Though many have been accepted to the program over the years, said Watson, who oversees the program, Shanas’ participation has been a little different, as best highlighted by the sleepout program.
“This is probably the most expansive project I’ve ever seen a student a part of the Civic Scholars program do, or even just a student here generally at Rutgers-Camden,” she said.
During his freshman year, Shanas read “Evicted” by Matthew Desmond, which follows eight Milwaukee families as they struggle to keep their homes during the 2007-2008 financial crisis.

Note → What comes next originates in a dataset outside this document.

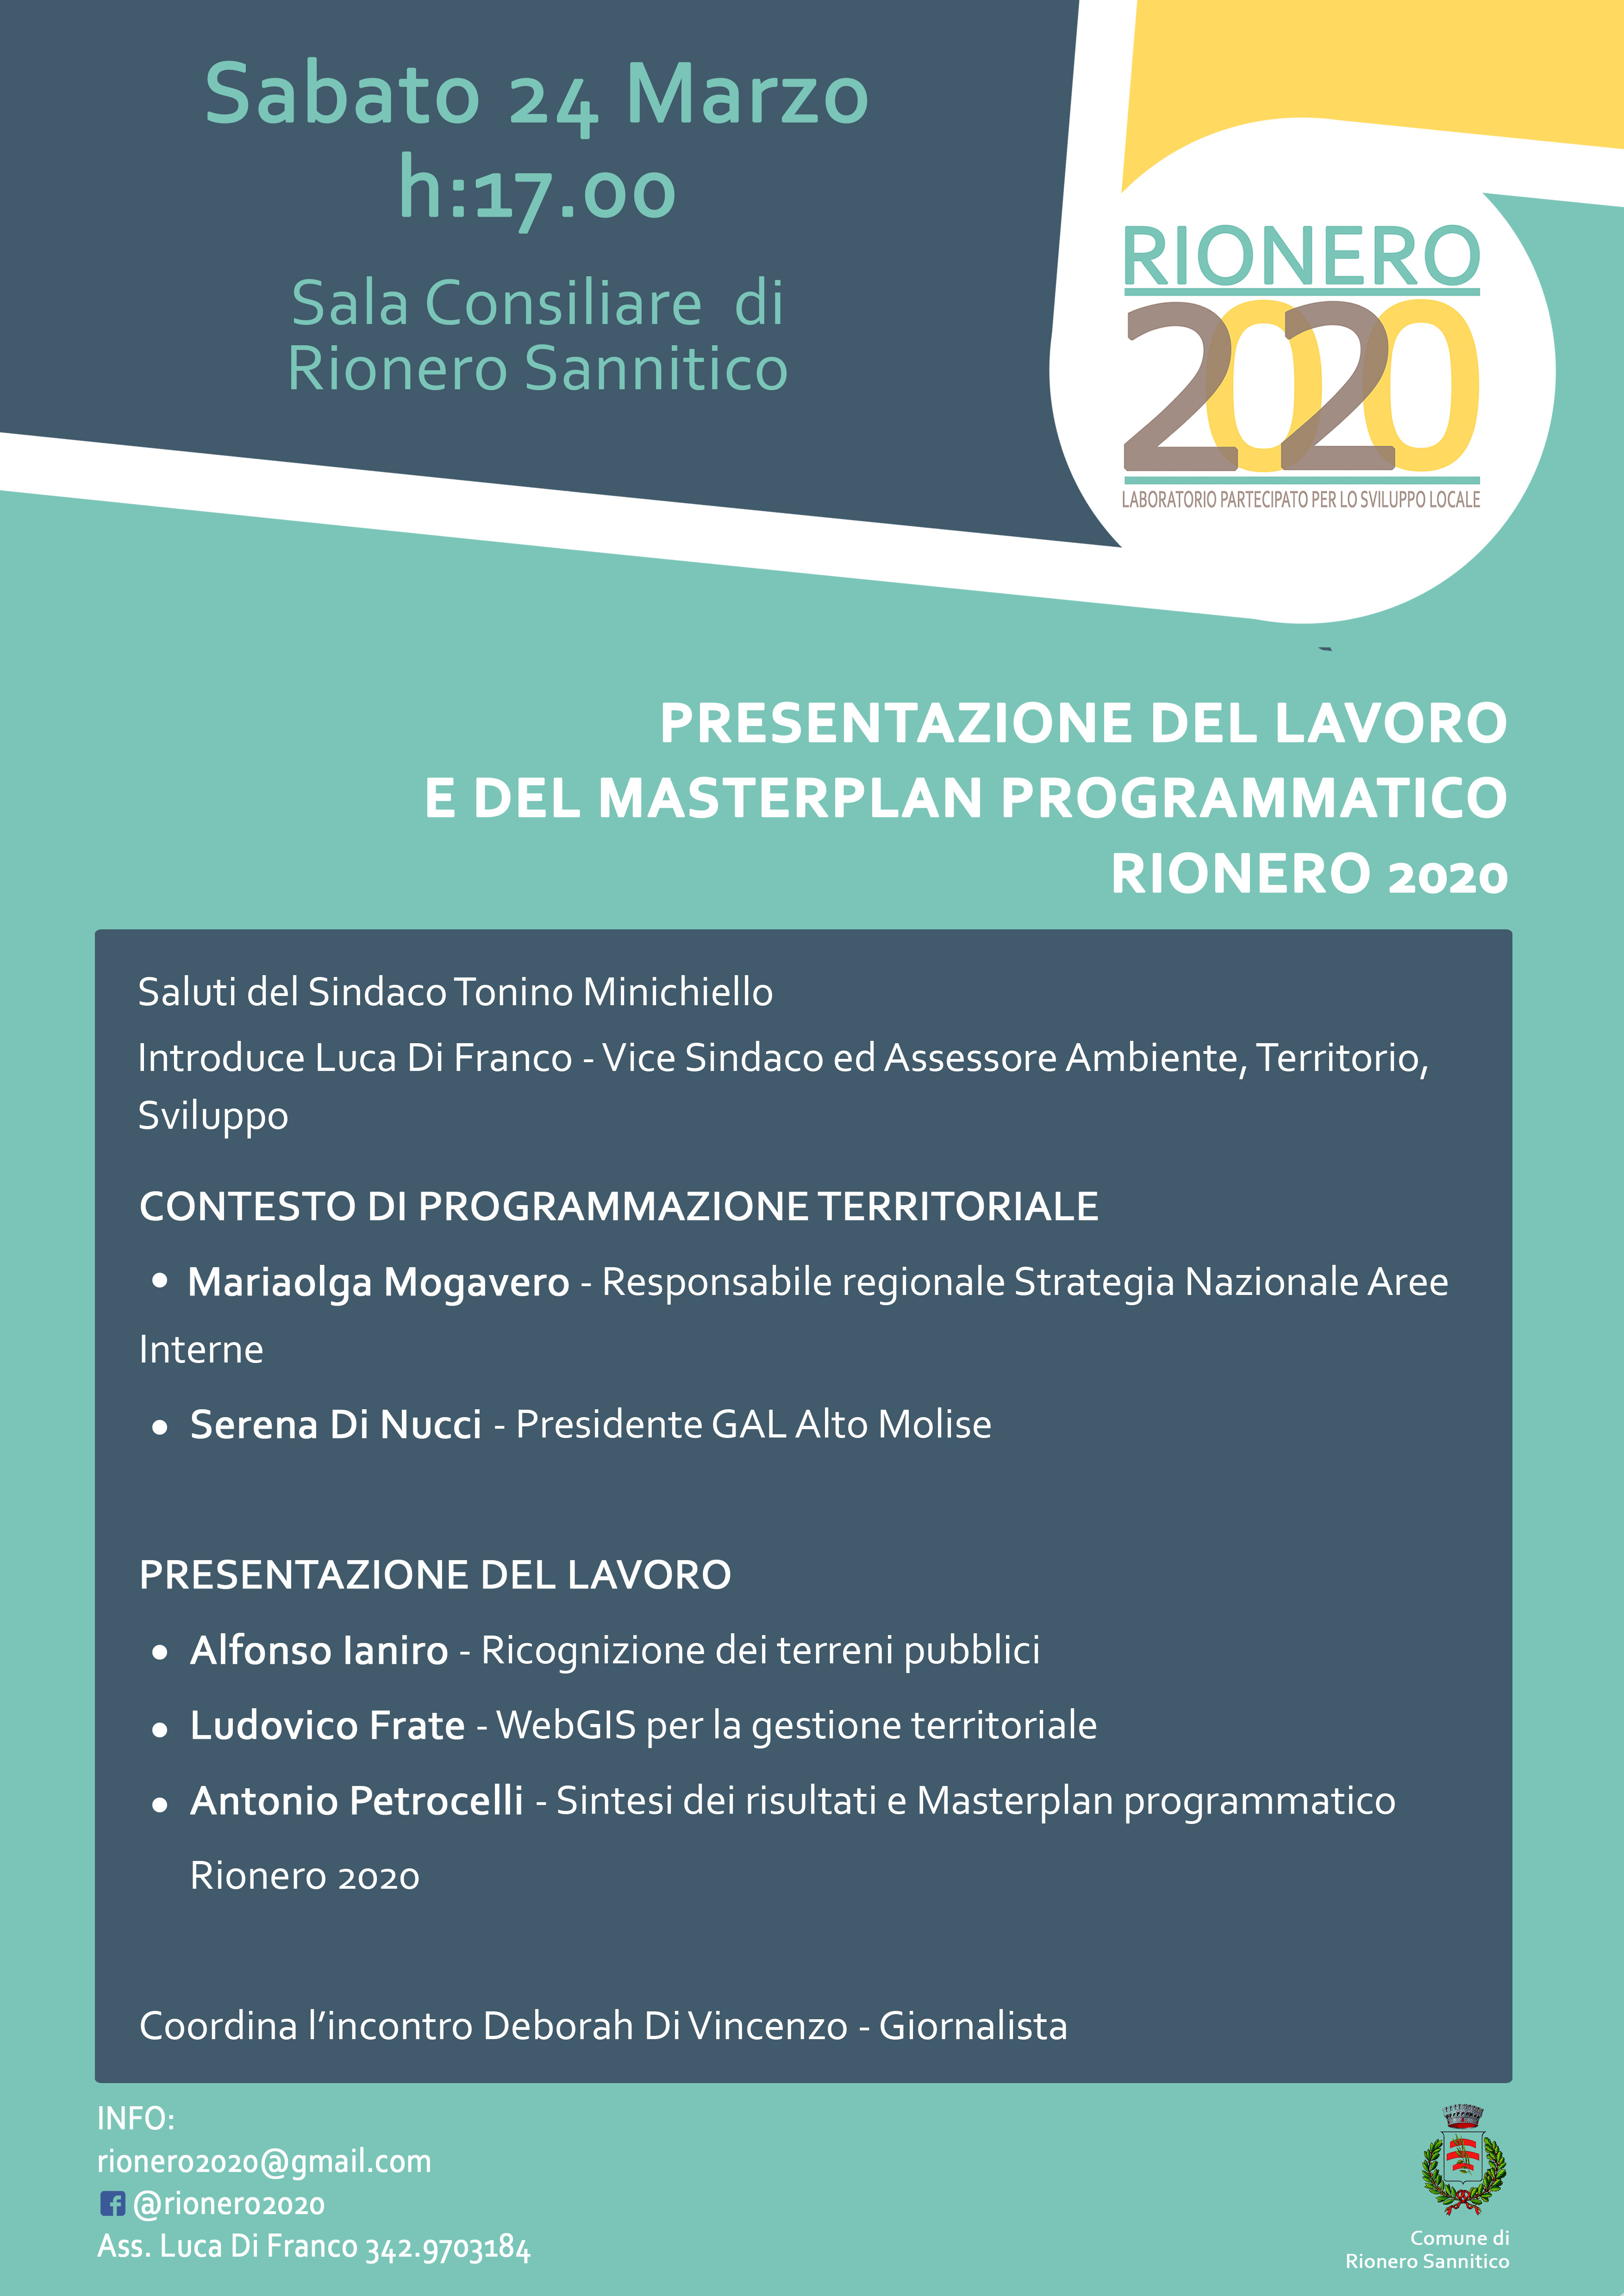 RIONERO2020 INCONTRO FINALE
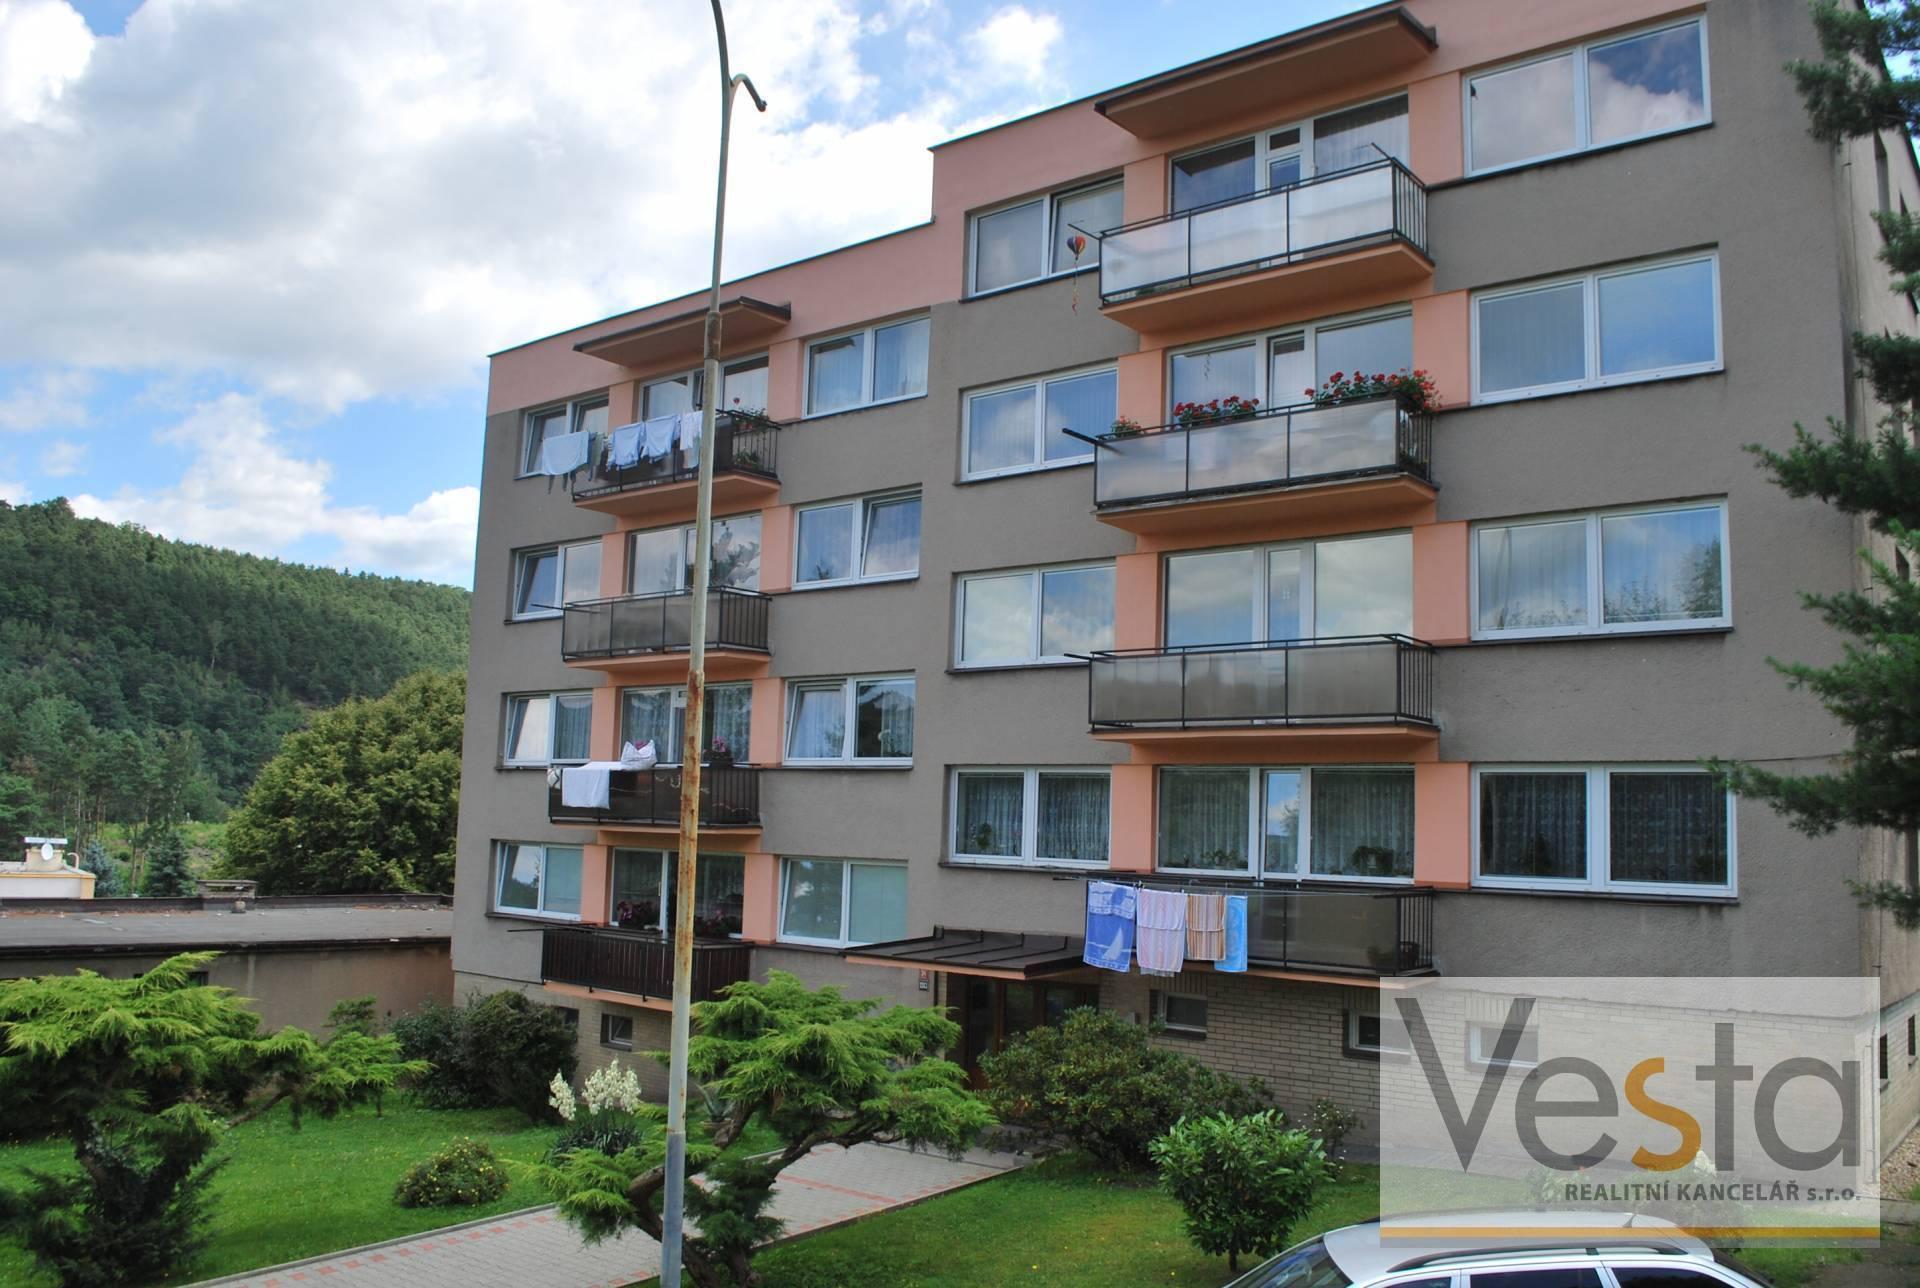 Byt 4+1 s hezkým výhledem v obci Děčín VI-Letná

As he learned more about the economic, social and emotional toll of eviction, he stepped up his involvement with Camden’s homeless shelters, where he routinely volunteers his time.
Volunteering at the since-closed New Visions Homeless Day Shelter and Joseph’s House of Camden, Shanas began to think about what an awareness and fundraising event could do for the people he served. So, he began researching how like-minded groups conducted sleepouts before.
With guidance from Watson, the plan came together over many months. On Nov. 14, 80 college students came and listened to hours of lectures and testimony from formerly homeless people and employees from Joseph’s House. The students took part in workshops designed to help them think more consciously about the way the homeless are treated in their city. Finally, it was time to head outside.
For one cold night, with Rutgers University Police looking on, Shanas and 20 students bundled up on cardboard and slept outside. It was illuminating, Shanas believes, but not for the reason you might expect; harshness of the situation aside, each of the students knew that a quick warm-up or a bathroom in a campus building was steps away. What would it be like not to have those options? In the morning, students reconvened for reflection.
Shanas was happy with the event, though he continues on his fundraising campaign with a goal of $10,000. For Watson, the event was another example of Shanas’ commitment to service.
“This event was better than some of what I’ve seen our own faculty or staff put together,” she said.